One read capacity unit represents one strongly consistent read per second, or two eventually consistent reads per second, for an item up to 4 KB in size.
Transactional read requests require two read capacity units to perform one read per second for items up to 4 KB.

Write Capacity Unit

One write capacity unit represents one write per second for an item up to 1 KB in size.
Transactional write requests require 2 write capacity units to perform one write per second for items up to 1 KB.

DynamoDB Accelerator(DAX)

It is a fully managed, clustered in-memory cache for DynamoDB.By Default, 5 min TTL for cache. We can have upto 10 nodes in the cluster. We can have multi-AZ setup.

DAX vs ElasticCache

DAX can cache mostly DB related objects, query & scans. ElasticCache will be used to store data from application. For example, we can compute the data retrived from the DB & stored it in ElasticCache.

DynamoDB Streams

DynamoDB Streams captures a time-ordered sequence of item-level modifications in any DynamoDB table and stores this information in a log for up to 24 hours.
A DynamoDB stream is an ordered flow of information about changes to items in a DynamoDB table.
Stream records can be stroed to Kinesis Data Streams.They can be read by AWS Lambda & Kinesis Client Library applications.

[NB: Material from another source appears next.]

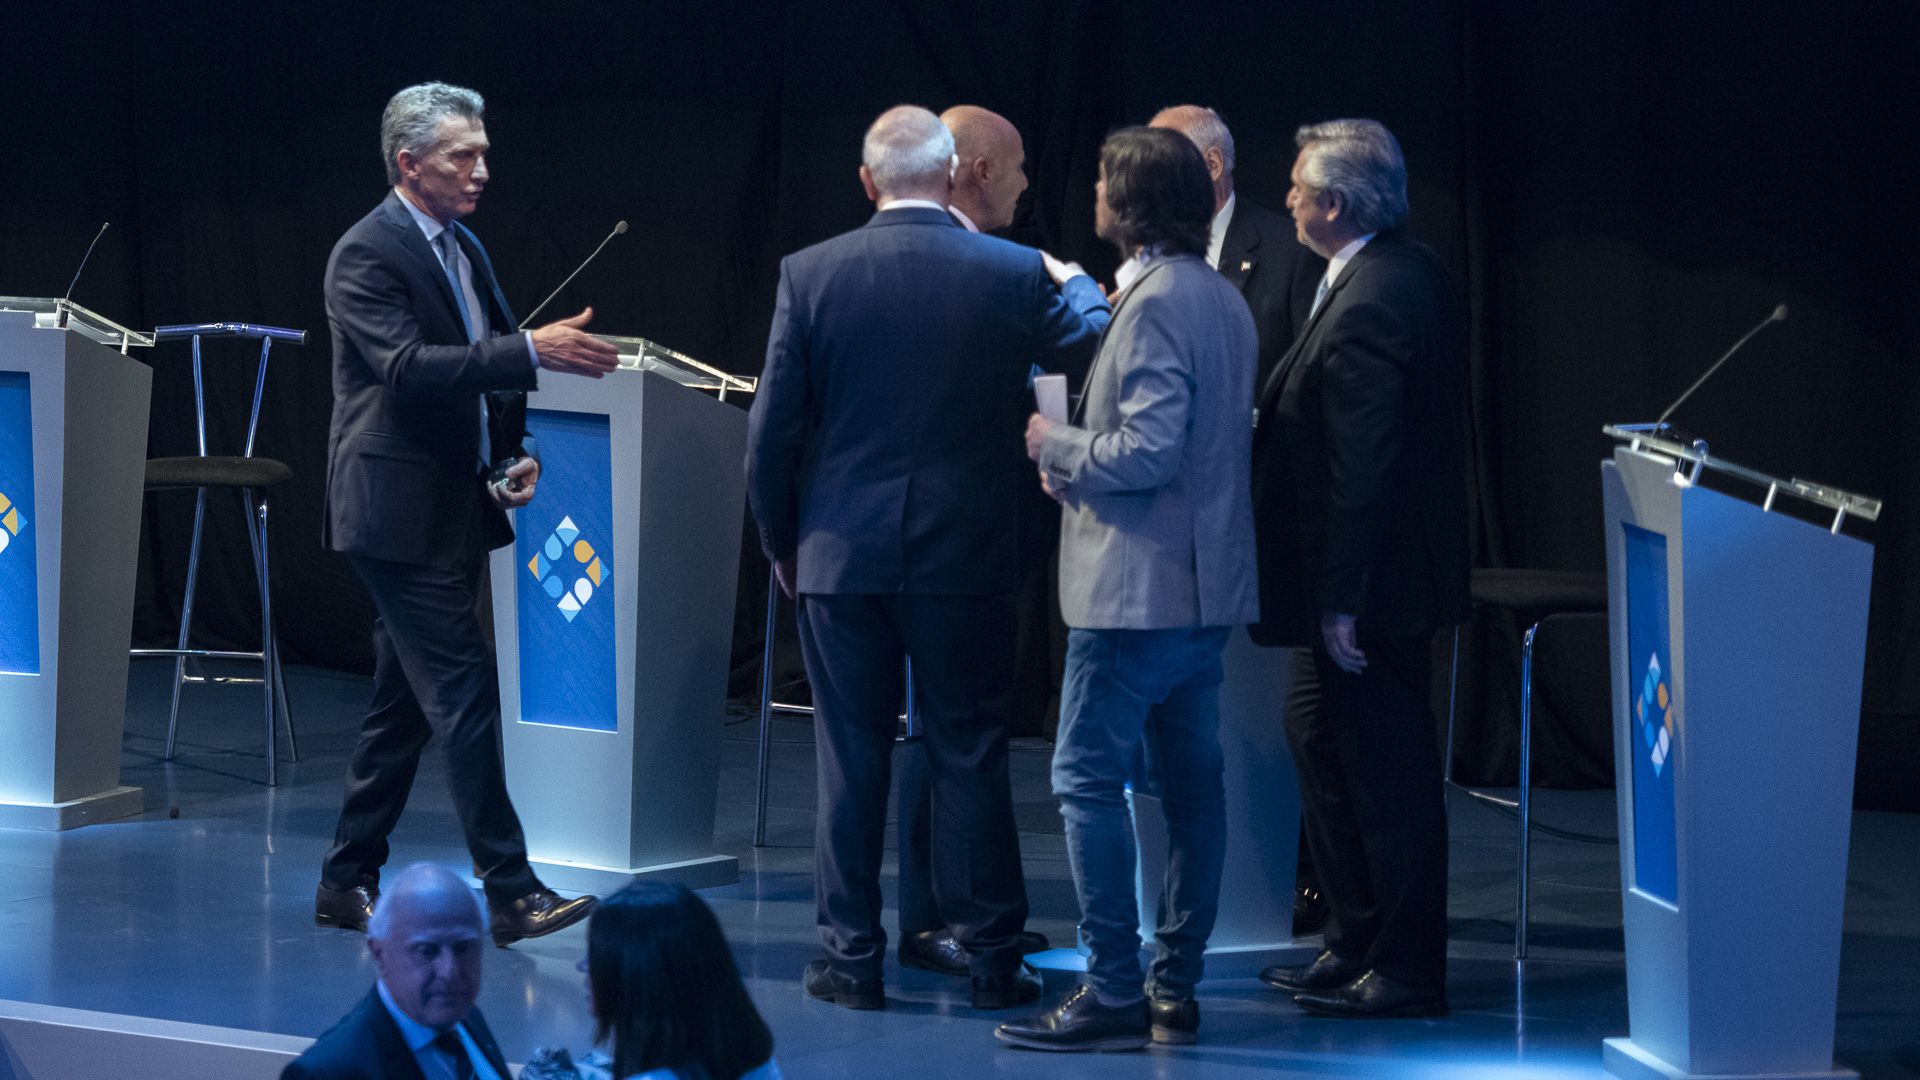 Macri se acerca a saludar tras el debate (foto Adrián Escandar)

We can get the below information from the streams,

KEYS_ONLY – Only the key attributes of the modified item.
NEW_IMAGE – the entire item, as modified.
OLD_IMAGE – the entire item, as before modifies.
NEW_AND_OLD_IMAGE – both new & old images of the item.

DynamoDB Streams are made of shards, just like Kinesis Data Streams, But it’s automated by AWS. We don’t need to do anything for shards. Streams will be accessed by a dedicated endpoint.

Error Handling with DynamoDB

ProvisionedThroughputExceededException error means the number of requests is too high.When the request rate is too high for the read/write capacity provisioned on your DynamoDB table, will get this exception. If we use AWS SDK, it will automatically retry the request untill sucessful. AWS SDK uses exponential backoff algorithm for better flow control.

The concept behind exponential backoff is to use progressively longer waits between retries for consecutive error responses.For example, up to 50 milliseconds before the first retry, up to 100 milliseconds before the second, up to 200 milliseconds before third, and so on. However, after a minute, if the request has not succeeded, the problem might be the request size exceeding your provisioned throughput, and not the request rate.

Set the maximum number of retries to stop around one minute. If the request is not successful, investigate your provisioned throughput options.